This has a fascinating impact on my recommendations. Last night, the addition of a single machine learning book to my wishlist had the net impact of dropping the number one recommendation, a cookery book called Jerusalem, down to number 6. A subsequent addition of an Edward Tufte datavisualisation book caused two new datavisualisation books to get into the top ten including one I had never heard of at number 3 (after Jerusalem got pushed down to number 6, Stephen Few wound up in number 1 with a book called Show me the Numbers). I haven’t decided yet whether I want Jerusalem or not either; I have over 100 cookbooks so theoretically, I can’t argue that I need it.

Deletions of books I wasn’t interested in usually resulted in the list just shuffling up a bit. Additions to the wishlist caused changes to the content of the list. From this I can conclude there’s a greater weight given to additions to the wishlist rather than deletion from the recommendation list. I would love to see the underlying datastructure and code for this. There’s this but it’s 10 years old and I have no doubt but that they’ve done a serious amount of work in the interim.

What does all this mean for the supposed content of this blog post? Well I realise that the Amazon data set relating to me is large and gathered over around 10 years at this stage, but deep down a part of me would like to do a little more research into it.

However, during the week, I was also considering recommender systems for less frequently used services and in particular, airlines.

Recommender systems work best if you have a decent picture of your individual customer at the point of loading up the site. Amazon does this using accounts. If you have a look at the airlines, in general, they have a mixed experience in that front. The majority of them offer you some form of registering, although not all, some of them allow you to connect your account to a frequent flier card, and some of them allow you to create an account.

However, I’m not sure how many of them compel you to create an account to book a flight directly with them. I’m pretty certain that the last few times I booked airline tickets, I did so without an account.

This is not necessarily an impediment to providing some personalisation services. While I do have a Hotels.com account, for example, they are well capable of remembering where I was last looking for hotels even if I haven’t signed in with my own account.

There is an issue, however, in that the airlines are already perceived to, perhaps, game that sort of idea by providing you higher charges the second time you look. This isn’t ideal from the point of view of endeavouring to provide any sort of personalisation and recommendation system.

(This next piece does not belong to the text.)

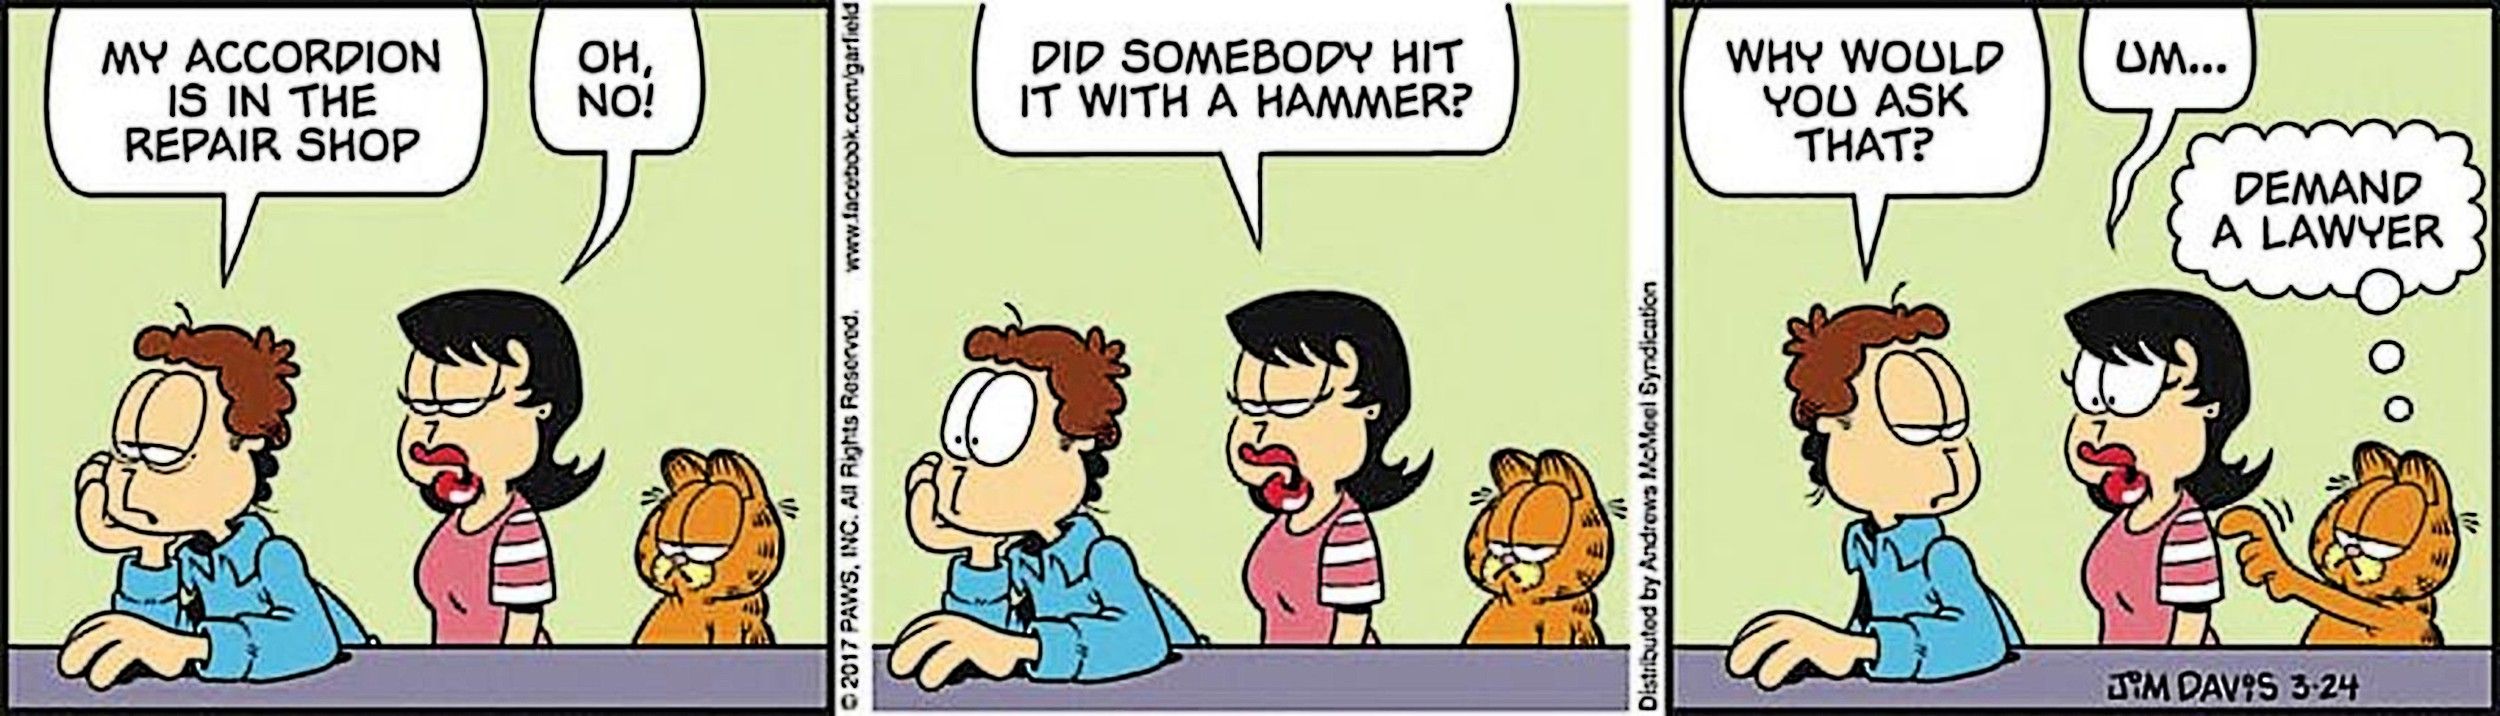 Garfield, Liz smashed Jon Arbuckle's accordion

The other key issue is that arguably, how do you provide personalisation services to a cohort that doesn’t buy airline tickets every other day (or at five past midnight when they can’t sleep)? If you take any of the major airlines, they carry millions of passengers, and by definition, a lot of them have to be duplicates courtesy of return ticketing, business travelling, family visits. The airline business got on the loyalty business early with the frequent flier cards but again, the picture of airline travel has changed a lot for a lot of the market since those things were invented. There is not necessarily a lot in common between your Netflix recommendations and your frequent flier points.

I have no doubt work is going on in this area – check this out from Rick Seaney in USA Today – however, what follows are some of my own thoughts on the subject.

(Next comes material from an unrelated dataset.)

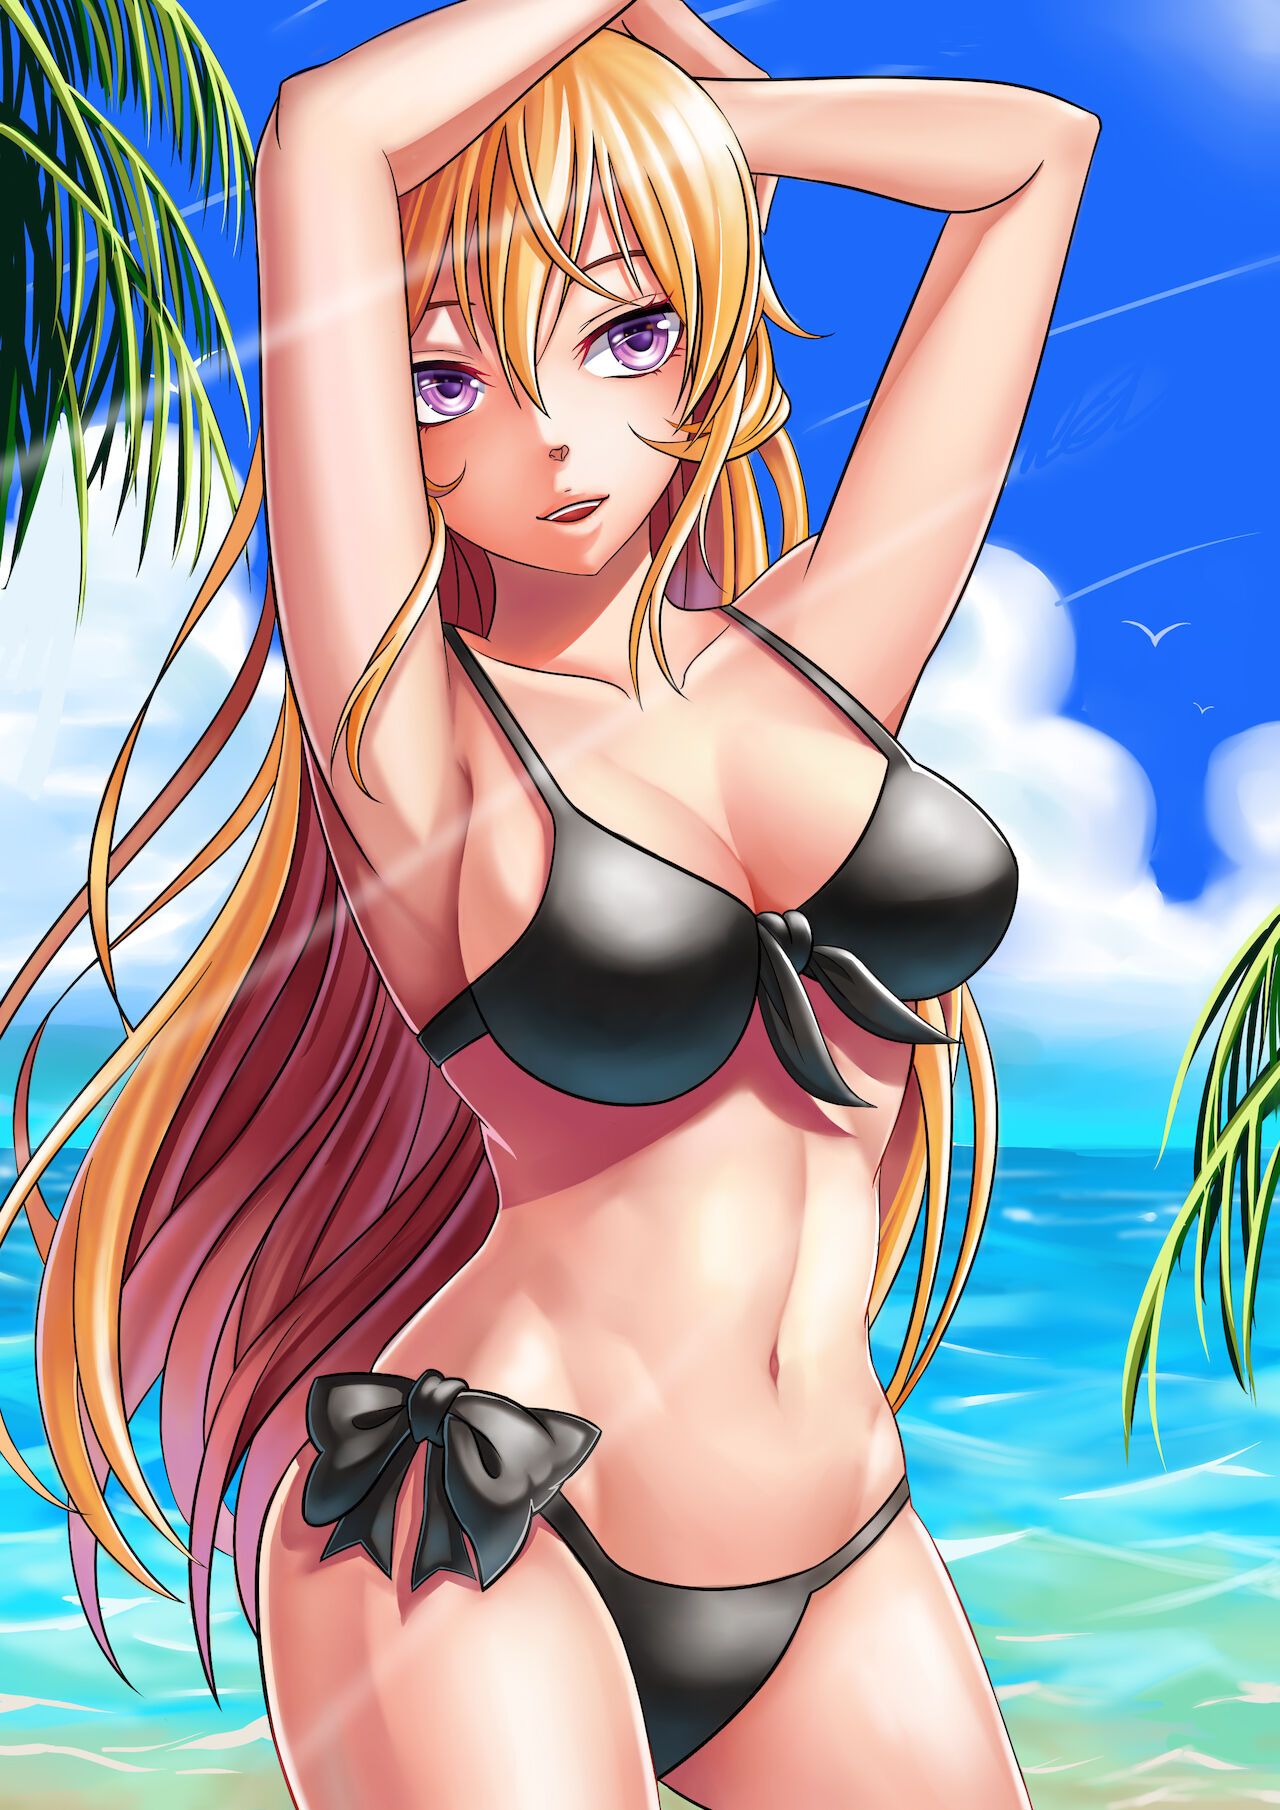 Anime girls in bikinis 21

  1. Passengers need to be classified. You could have sixty million passengers travelling with you every year, but that’s unlikely to be sixty million different people so it is possibly not as huge a task to classify them; what matters is the feature selection side of things. Not just into leisure travel and business travel, or short trip travel and long trip travel (they don’t always overlap), or a few subsets of those, but into enough classes that allows you to provide a reasonable level of personalisation. Late last night, I figured on 20-25 groupings but I’d argue that figure is possibly dependent on what airline is doing the classification. A long haul operation like Etihad is likely to be very different to a short haul operation concentrated mainly within Europe (countless).
  2. Routes need to be classified. To be fair, the vast majority of airlines already have this one sewn up.
  3. Passenger booking behaviour needs to be classified. Again, not just in terms of how often they book, but how frequently they book, how frequently they buy carhire, hotels, travel insurance. Whether they turn up to fly. Whether they look for refunds when they don’t fly. Not just for the amount of free money you gather up from them, but to add to your picture of them.

There are a couple of things which I could see coming out of this.

Here’s something that would certainly buy my interest immediately if, for example, I was travelling to Paris every Monday morning and coming back on a Tuesday evening for business. Provide me a login that generates a page that has two buttons: Paris and Other. The Paris button could be prefilled with the most likely routing/timing options if they are available. Or, Sorry Miss Lynch, your usual flight is fully booked. Allow me to create another personalised button based on possible plans. For example, I might want to fly to oh, Malaga to go kitesurfing in Tarifa maybe six times a year. Let me build one of those so that my landing screen is Paris, Malaga and Other. Include sports equipment as an option by default in the Malaga booking. Learn enough about me to know that, for example, I have annual travel insurance, and don’t try to sell me more. Know enough about me to know that if I am flying into Nice, I’ll hire a car, but not if I fly into London. Even if I am not booking, it might be worth letting me build dreams on your site like this for three reasons:

  1. it makes me happy
  2. it tells you a lot more about potential customers.
  3. It can support families sorting out holiday plans
  4. It can support groups organising trips away together

You can make it clear you are not locking down a fare at that point, but you do get a picture of some of the possible bookings on that flight and this may have an impact on how you manage bookings on that route around those dates. While you’re at it, keep an eye on possible efforts to game your recommender system and identify it as a class of behaviour.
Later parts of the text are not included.